Records for the exercise:
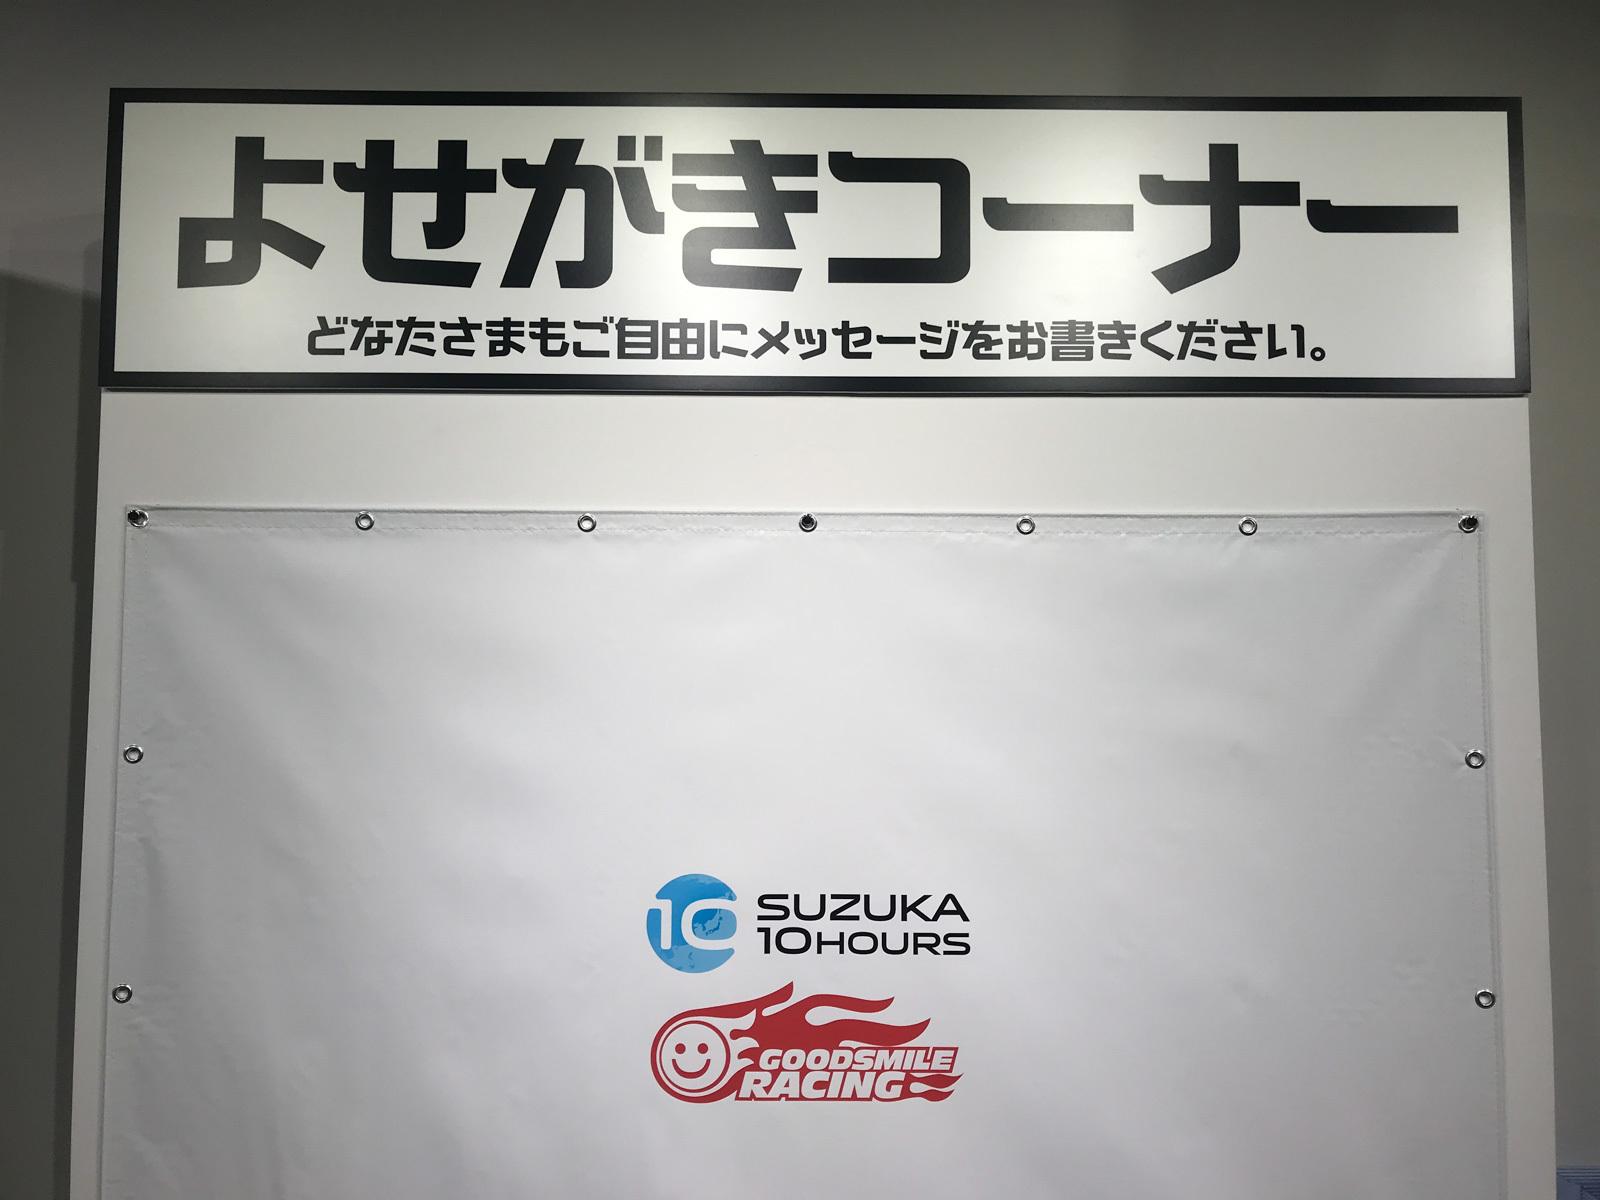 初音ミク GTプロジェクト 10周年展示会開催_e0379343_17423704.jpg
==
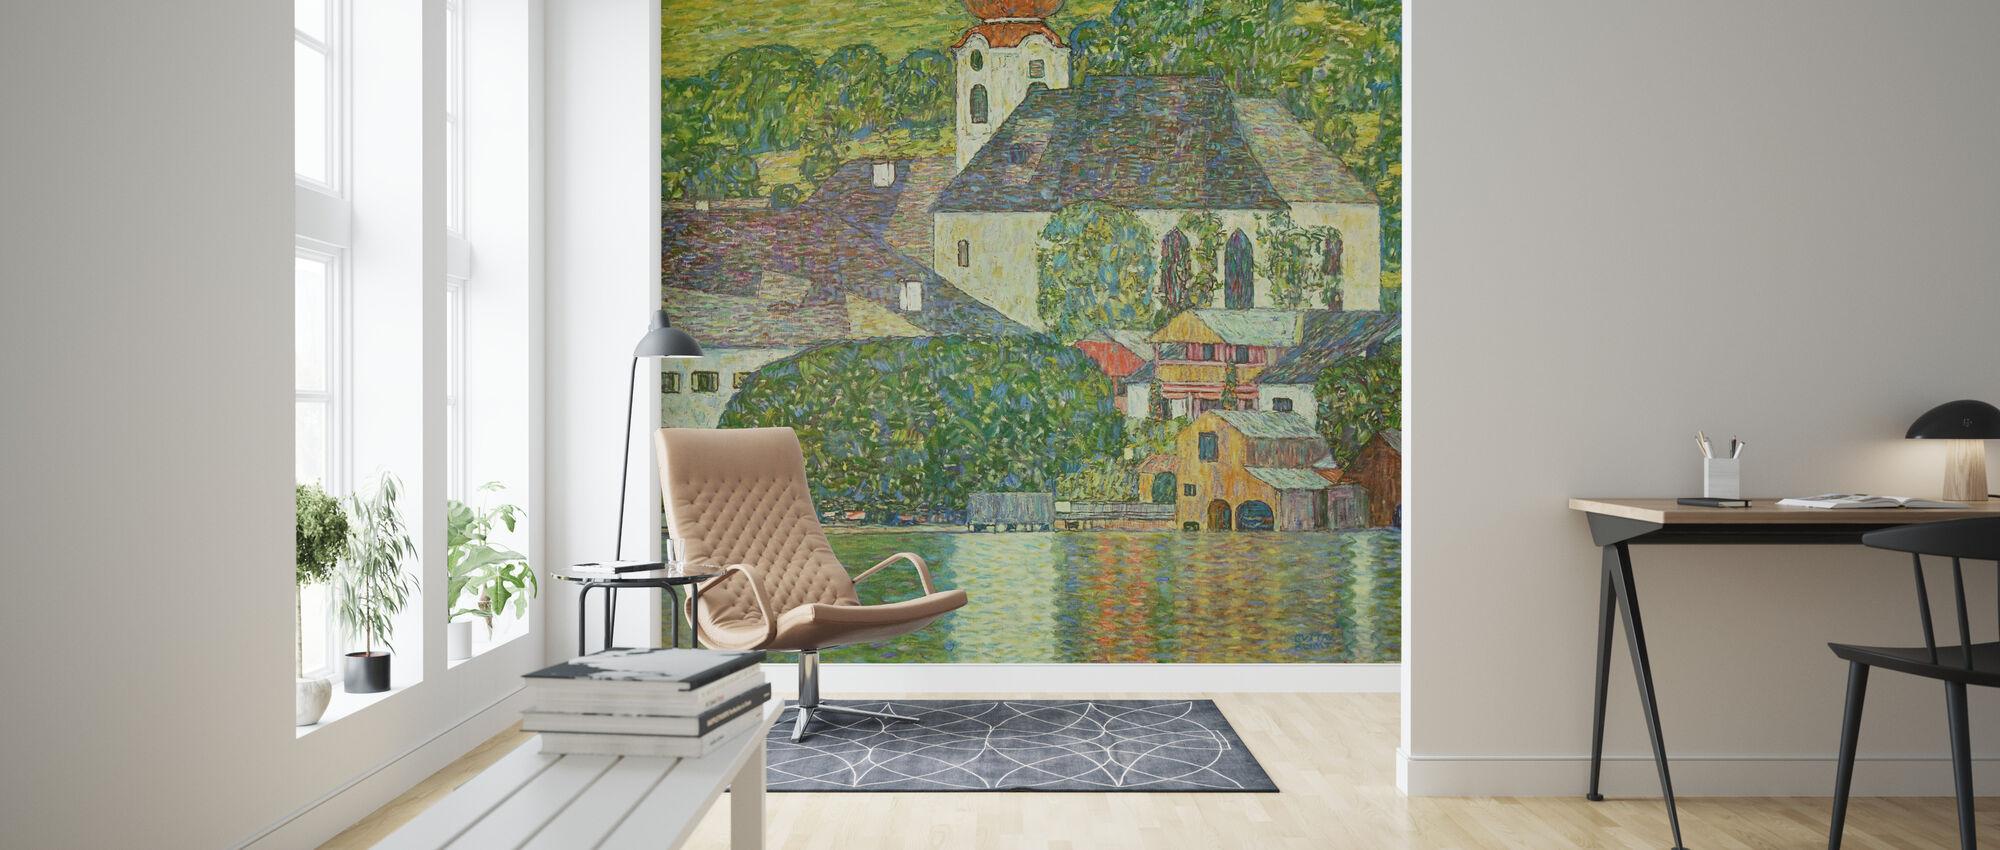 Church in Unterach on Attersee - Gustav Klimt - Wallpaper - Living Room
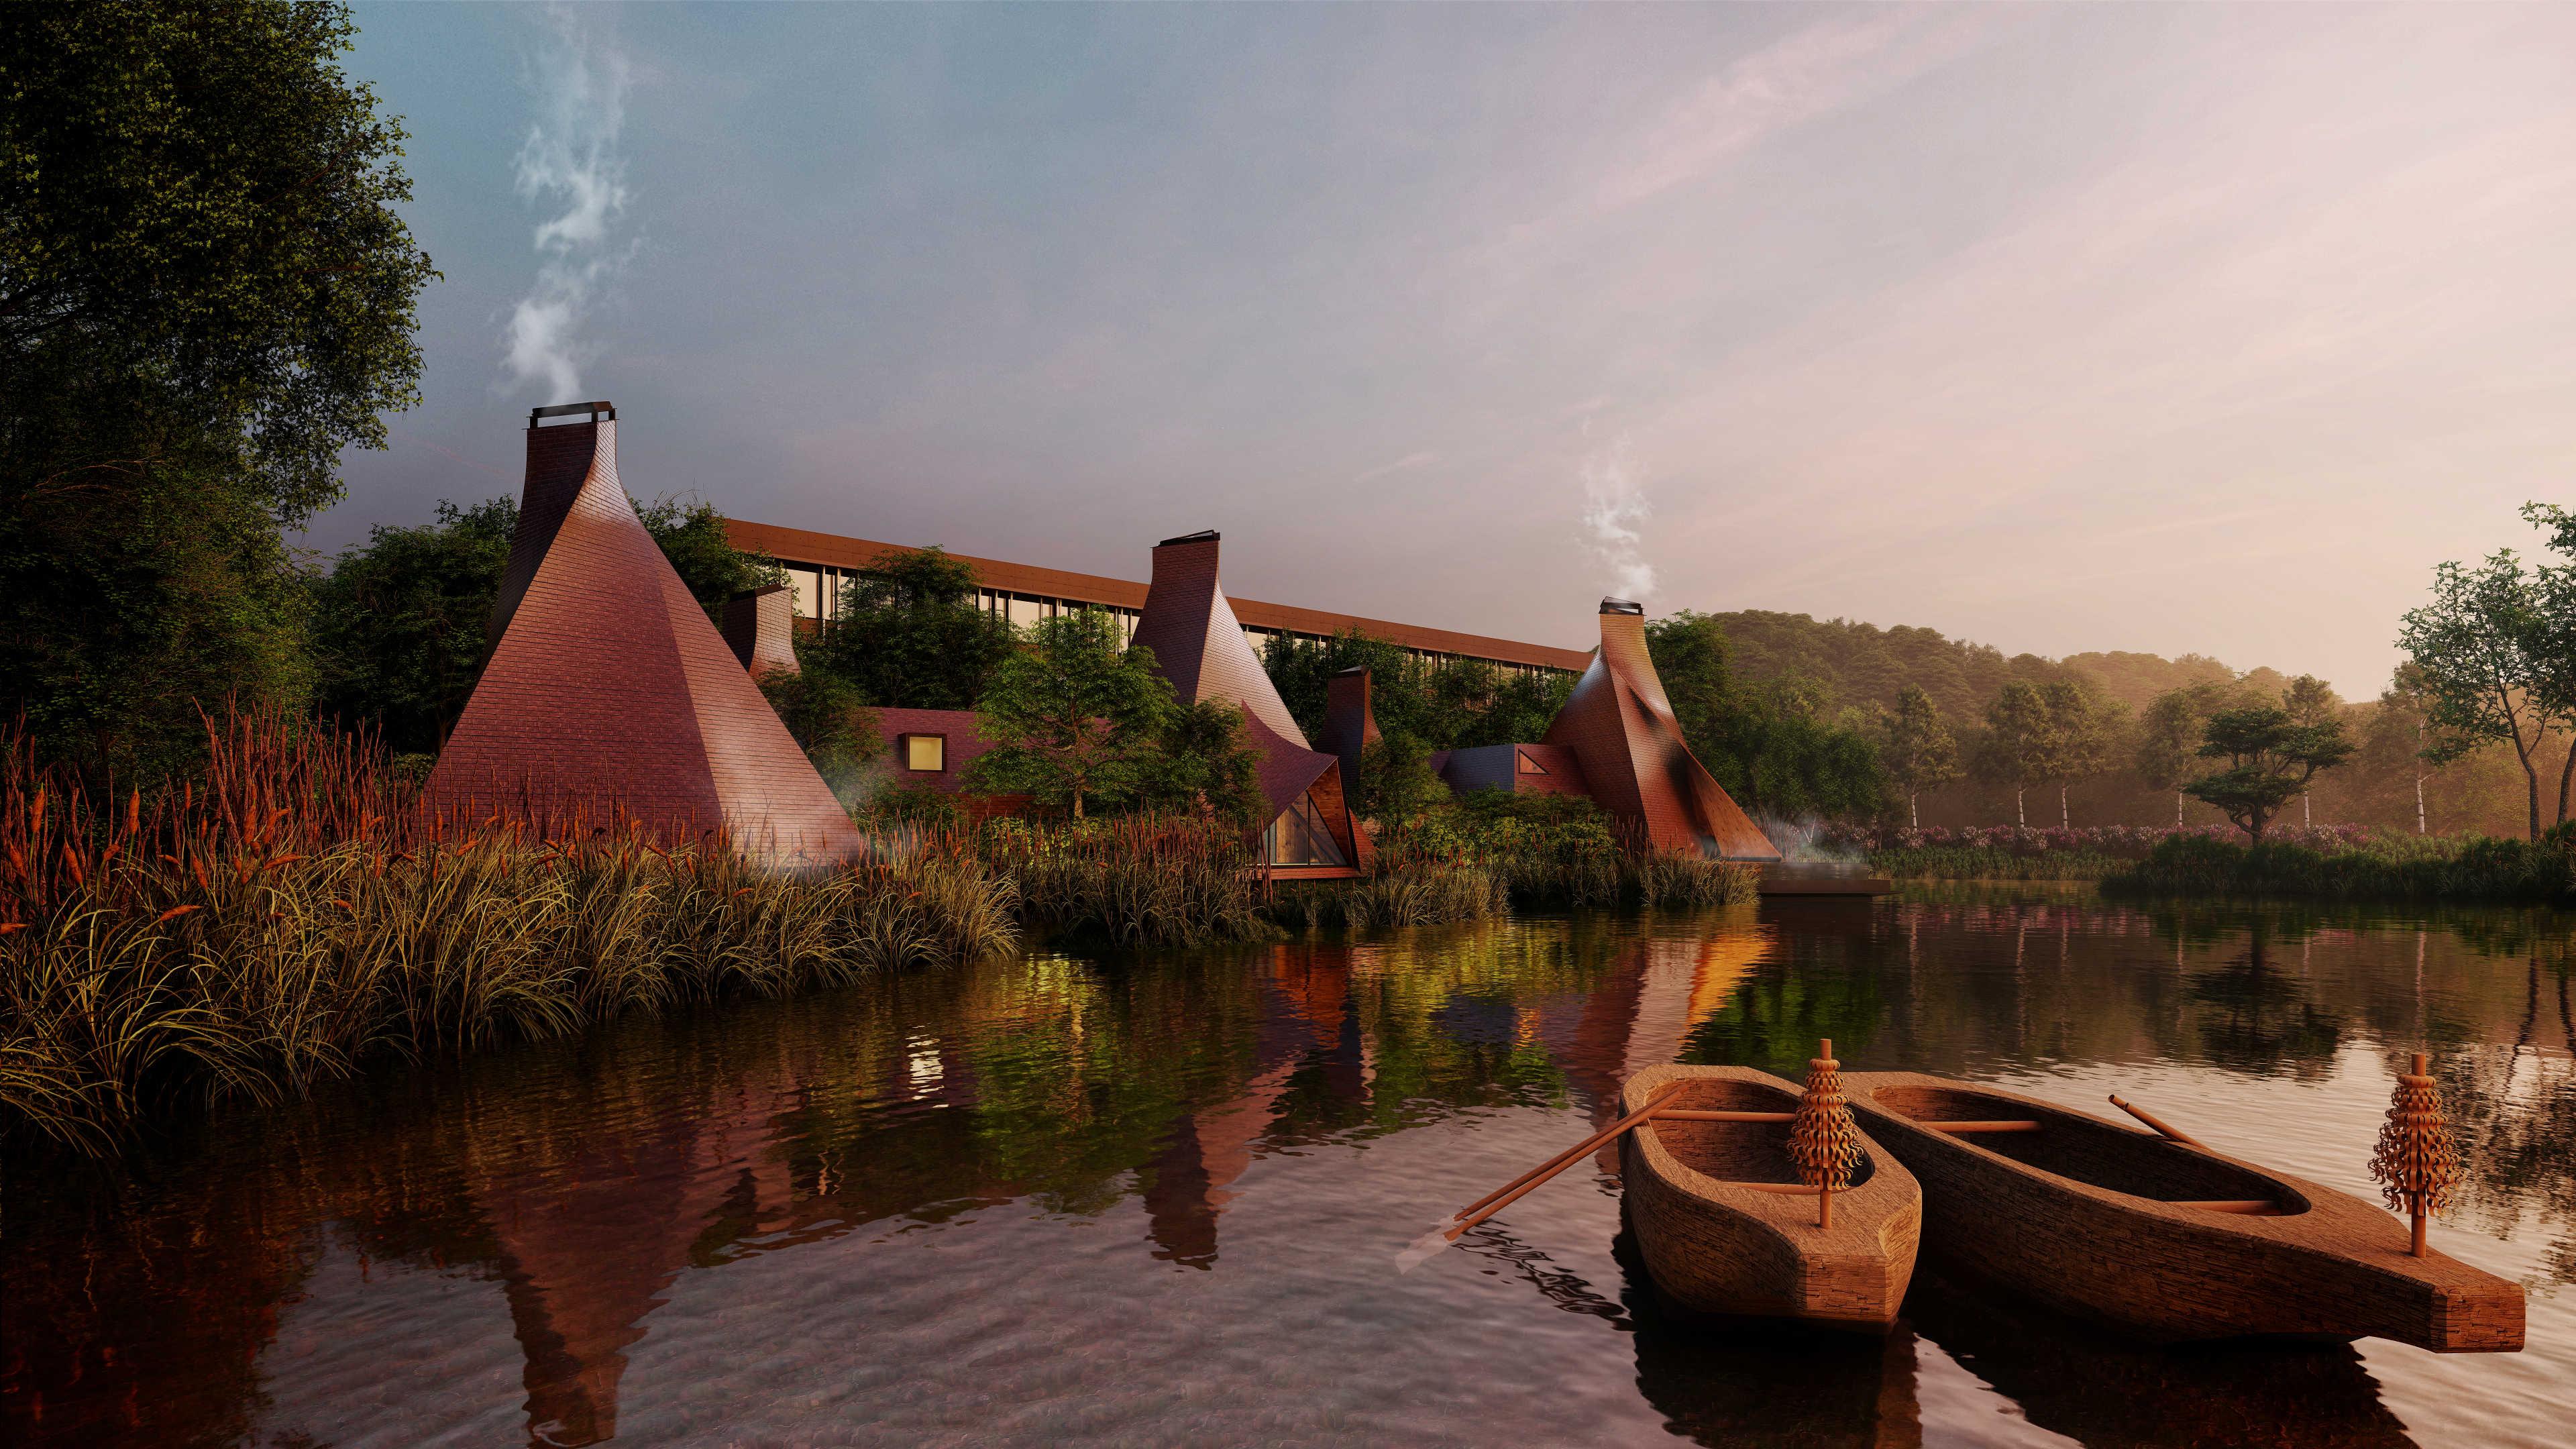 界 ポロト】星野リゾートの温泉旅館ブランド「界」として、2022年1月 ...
...
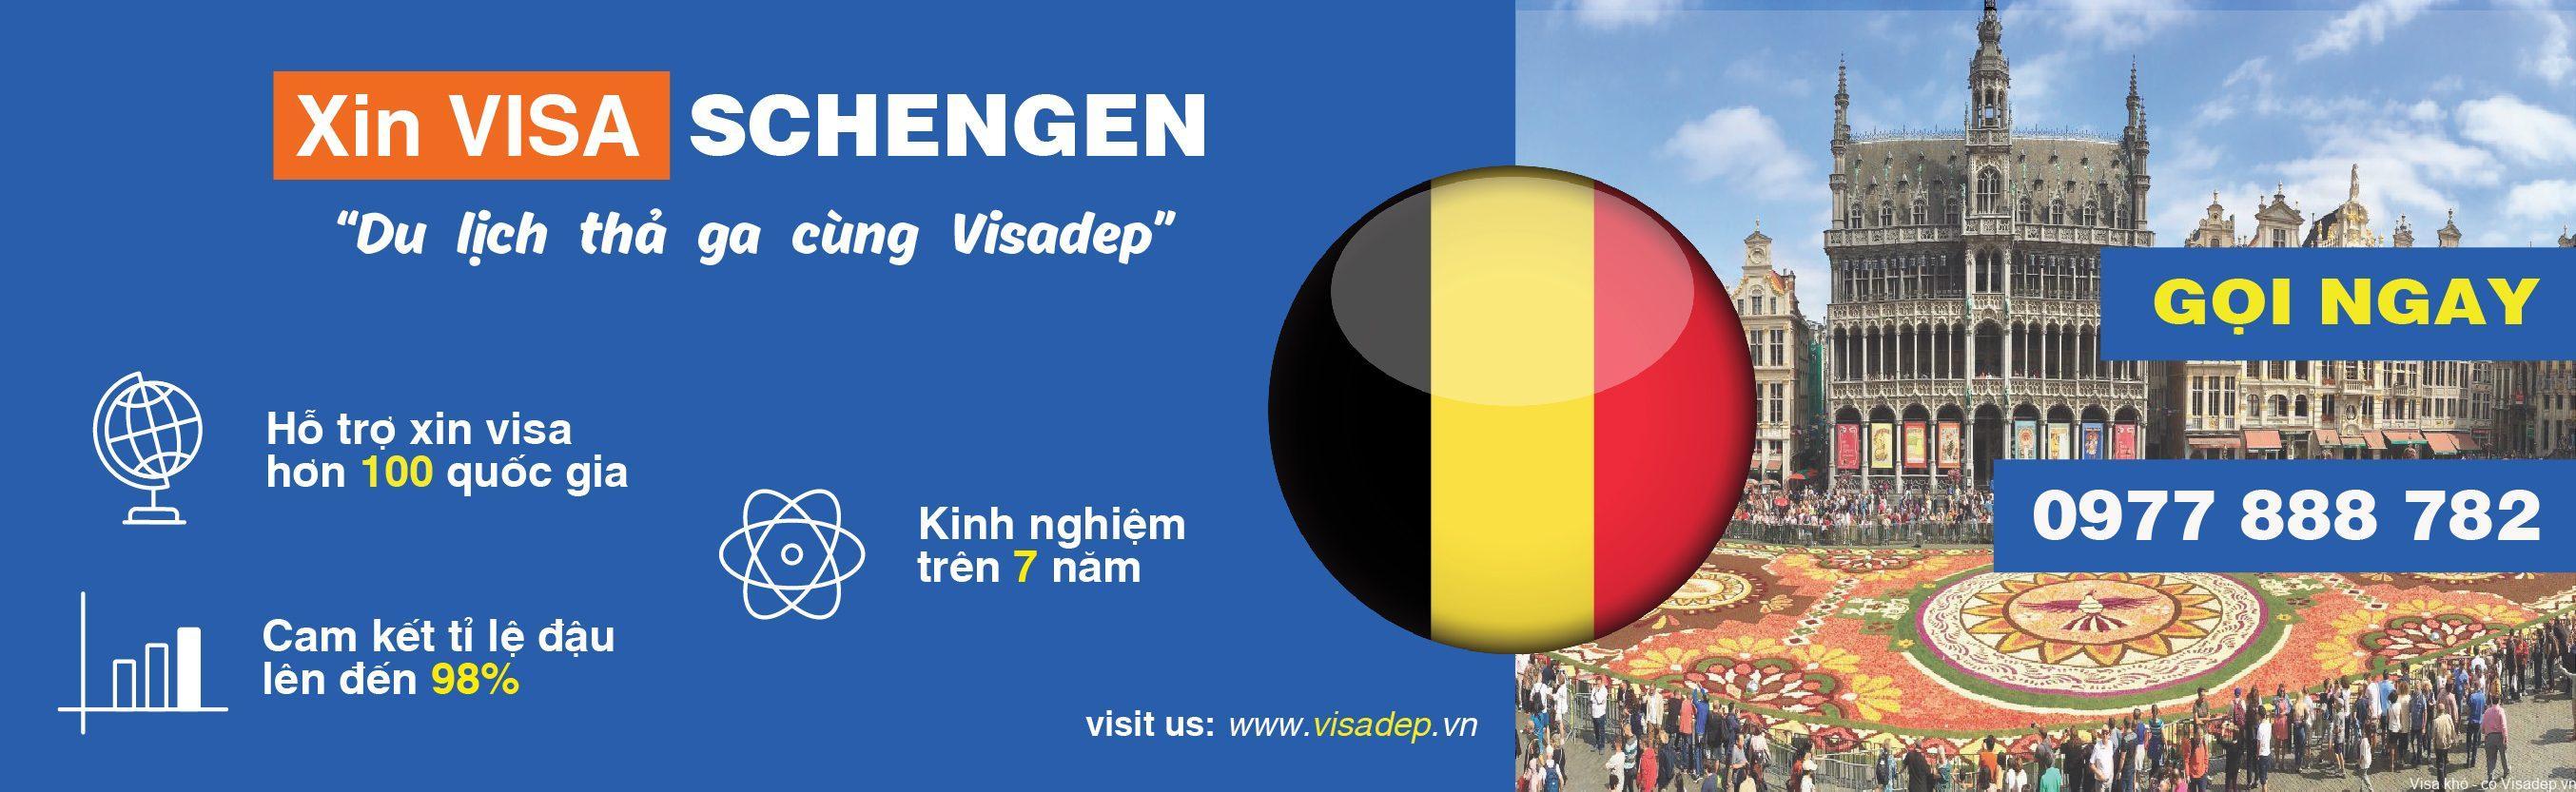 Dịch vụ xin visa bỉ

Work task: Once the line with "Church in Unterach" is found above, transcribe each line from it through the line with "界 ポロト】星野リゾートの温泉旅館ブランド「界」として、2022年1月 ...", exactly, and omit the pictures.

Solution for this problem:
 Church in Unterach on Attersee - Gustav Klimt - Wallpaper - Living Room
 界 ポロト】星野リゾートの温泉旅館ブランド「界」として、2022年1月 ...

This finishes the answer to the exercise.